Our previous study showed high frequency of allelic loss at chromosome 2q37 region in oral cancer. This location contains several candidate tumor suppressor genes such as PPP1R7, ILKAP, DTYMK and ING5. We previously showed 3 members of inhibitor of growth (ING) family, ING1, ING3 and ING4 as tumor suppressor gene in head and neck cancer. As ING5 shows high homology with other members of ING genes including highly conserved carboxy-terminal plant homeodomain and nuclear localization signal, we first picked up ING5 and examined it as a possible tumor suppressor in oral cancer. For this aim, mutation and mRNA expression status of ING5 in paired normal and oral squamous cell carcinoma samples were examined by reverse transcription polymerase chain reaction (RT-PCR) and sequencing. Three missense mutations located within leucine zipper like (LZL) finger and novel conserved region (NCR) domains in ING5 protein were detected, probably abrogating its normal function. We also found 5 different alternative splicing variants of ING5. Then, we examined mRNA level of ING5 by quantitative real time reverse transcription polymerase chain reaction (qRT-PCR) analysis, which demonstrated decreased expression of ING5 mRNA in 61% of the primary tumors as compared to the matched normal samples. In conclusion, tumor-specific mutation and downregulation of ING5 mRNA suggested it as a tumor suppressor gene in oral squamous cell carcinoma.

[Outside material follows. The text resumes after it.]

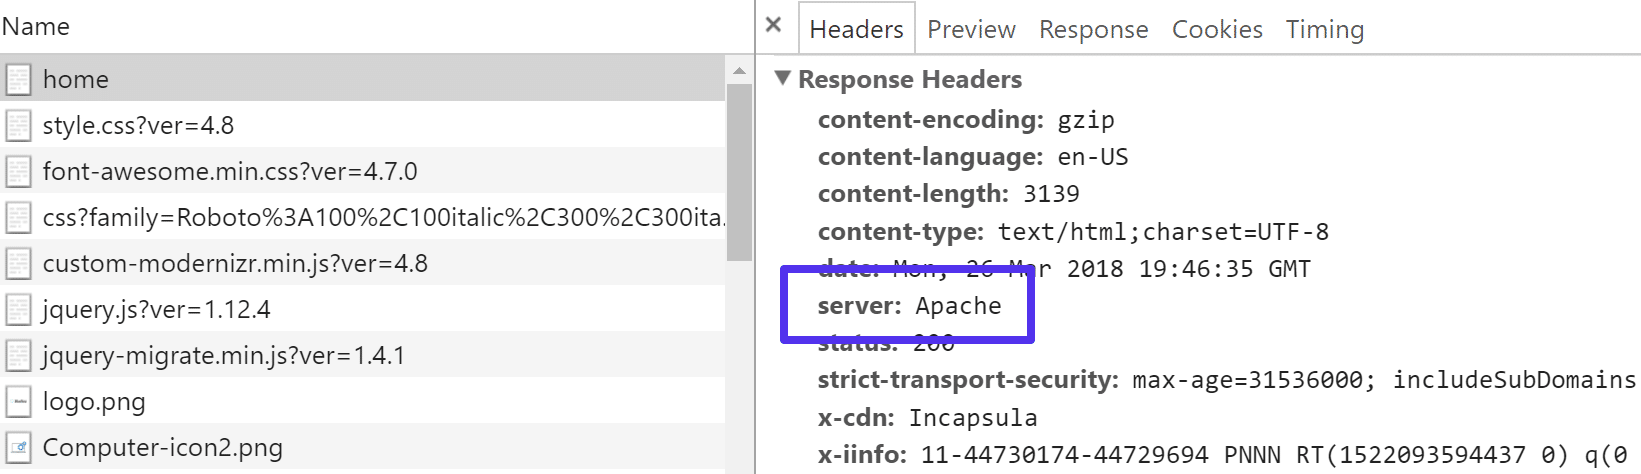 Apache HTTP header

机译:我们先前的研究显示口腔癌中2q37号染色体区域的等位基因丢失频率很高。该位置包含几个候选肿瘤抑制基因,例如PPP1R7,ILKAP,DTYMK和ING5。先前我们显示了3个生长抑制因子(ING)家族成员ING1,ING3和ING4作为头颈癌的肿瘤抑制基因。由于ING5与ING基因的其他成员(包括高度保守的羧基末端植物同源结构域和核定位信号)具有高度同源性,因此我们首先选择了ING5,并将其检测为口腔癌的一种可能的抑癌基因。为此,通过逆转录聚合酶链反应(RT-PCR)和测序检查了成对的正常和口腔鳞状细胞癌样品中ING5的突变和mRNA表达状态。检测到位于亮氨酸拉链样(LZL)手指和ING5蛋白中新的保守区(NCR)域内的三个错义突变,可能废除了其正常功能。我们还发现了ING5的5种不同的可变剪接变体。然后,我们通过定量实时逆转录聚合酶链反应(qRT-PCR)分析检查了ING5的mRNA水平,这表明与匹配的正常样品相比,在61%的原发肿瘤中ING5 mRNA的表达下降。总之,ING5 mRNA的肿瘤特异性突变和下调表明它是口腔鳞状细胞癌的抑癌基因。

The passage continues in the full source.